Re: PF NAT and Oracle/Linux mystery

2003-01-22 Thread Daniel Hartmeier
On Sat, Jan 18, 2003 at 01:57:17PM +, Steve Schmitz wrote:

 If you consider gigabit/copper a fast network and can suggest 
 experiments/meassurements, I'll be happy to conduct them.

TCP window scaling support has been commited to -current (pf.c 1.306).
If you have a spare box to install -current on, you could give it a try,
pfctl -vss now additionally prints 'wscale n' for TCP connections using
window scaling.

Daniel




Re: PF NAT and Oracle/Linux mystery

2003-01-18 Thread Steve Schmitz
We could add a strip-wscale option to scrub. It doesn't solve
the state pickup issue, but could prevent clients communicating
through the firewall from negotiating this option.

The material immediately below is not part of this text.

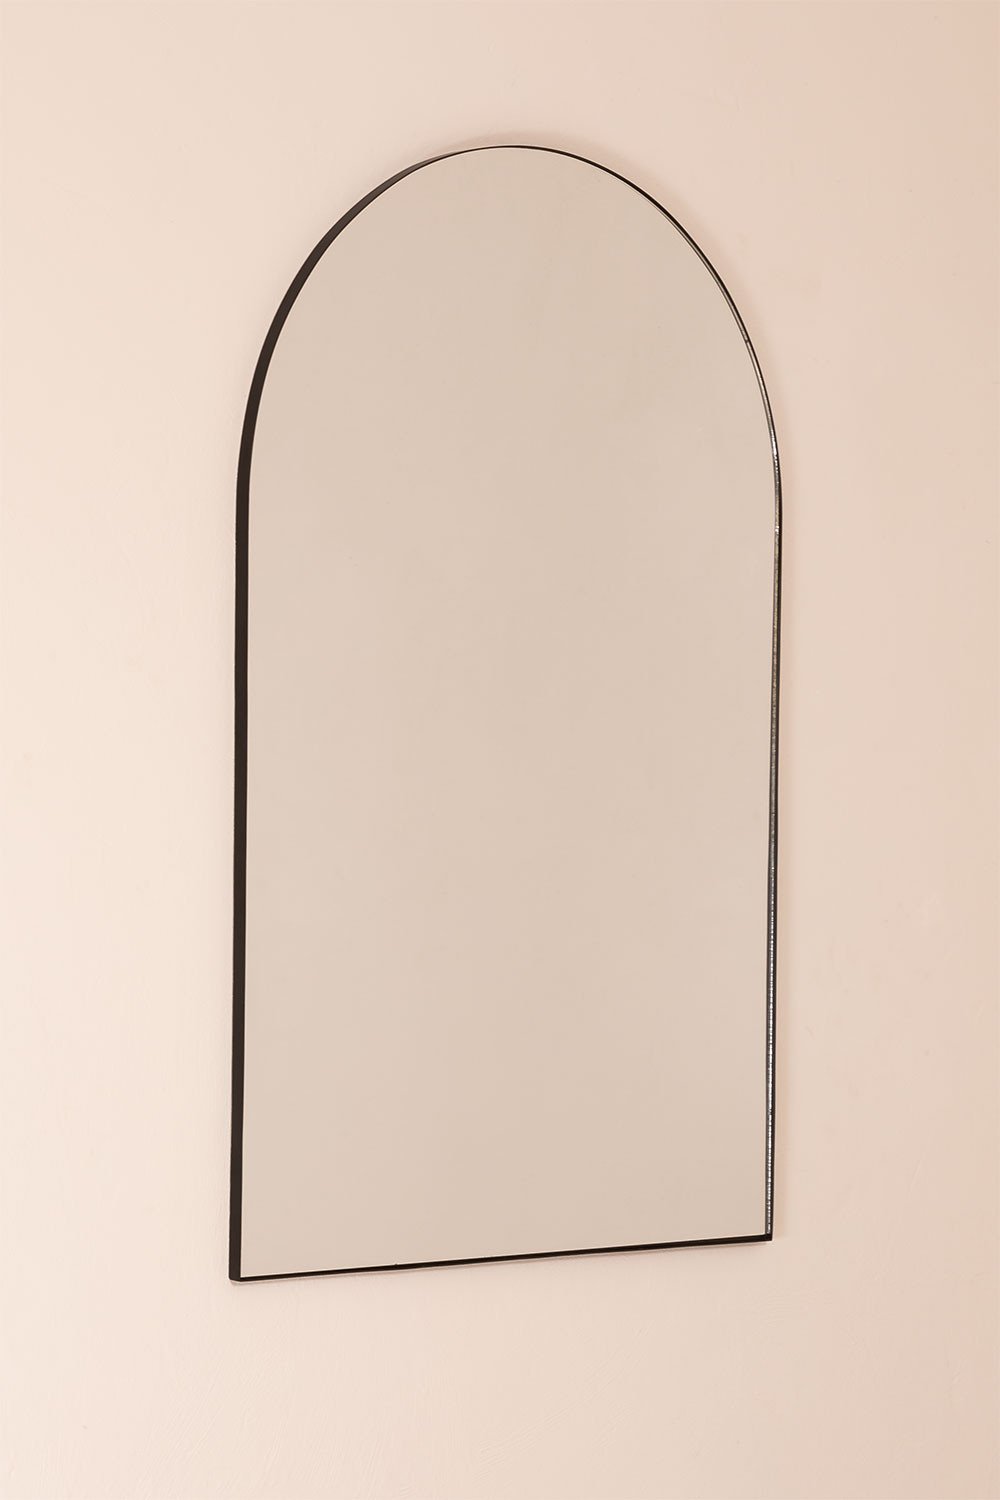 Specchio da parete in metallo (120x77 cm) Ingrid, immagine della galleria 2

Does the Linux NAT code already do this?

We tried and temporarily split up our combined firewall/NAT machine into 
two, a firewall (the original combined machine with NAT commented out), and 
an extra NAT machine. When the NAT machine ran OpenBSD, contact with the 
wscale-ing Linux/Oracle server failed. When we installed Linux on the NAT 
machine, it worked, although in both cases the OpenBSD firewall was still 
between the NAT machine and the Oracle server.

So I conclude that either the OpenBSD firewall code has no trouble with 
wscale but the NAT code has, or the Linux NAT clears out the wscale TCP 
options from the initial SYN packet - i.e. does exactly what you propose.

I have not tried to flush the Linux NAT state (and thus, wscale size) and 
see if it crashes the connection. I only understood these issues after 
Daniels explanation.

Cheers, Steve


_
Help STOP SPAM: Try the new MSN 8 and get 2 months FREE* 
http://join.msn.com/?page=features/junkmail



Re: PF NAT and Oracle/Linux mystery

2003-01-18 Thread Daniel Hartmeier
On Sat, Jan 18, 2003 at 08:42:04AM +, Steve Schmitz wrote:

 Does the Linux NAT code already do this?

Possibly, but I'll have to check the source code to verify. It could
either strip the option or set any scale factors inside the option to
zero. But doing that is not much simpler than actually supporting
non-zero factors. All these approaches have the limitation that they
only work if the code sees the TCP handshake of the connections.

 So I conclude that either the OpenBSD firewall code has no trouble with 
 wscale but the NAT code has, or the Linux NAT clears out the wscale TCP 
 options from the initial SYN packet - i.e. does exactly what you propose.

It's the OpenBSD TCP sequence number tracking code that stalls such
connections, and that is used whenever you filter a TCP connection
statefully (when using 'keep state'). pf always creates a state entry
when any translation (like nat, rdr or binat) is applied to a
connection. If you were filtering statelessly with pf and doing nat on
the Linux box, that might explain why the connection didn't stall.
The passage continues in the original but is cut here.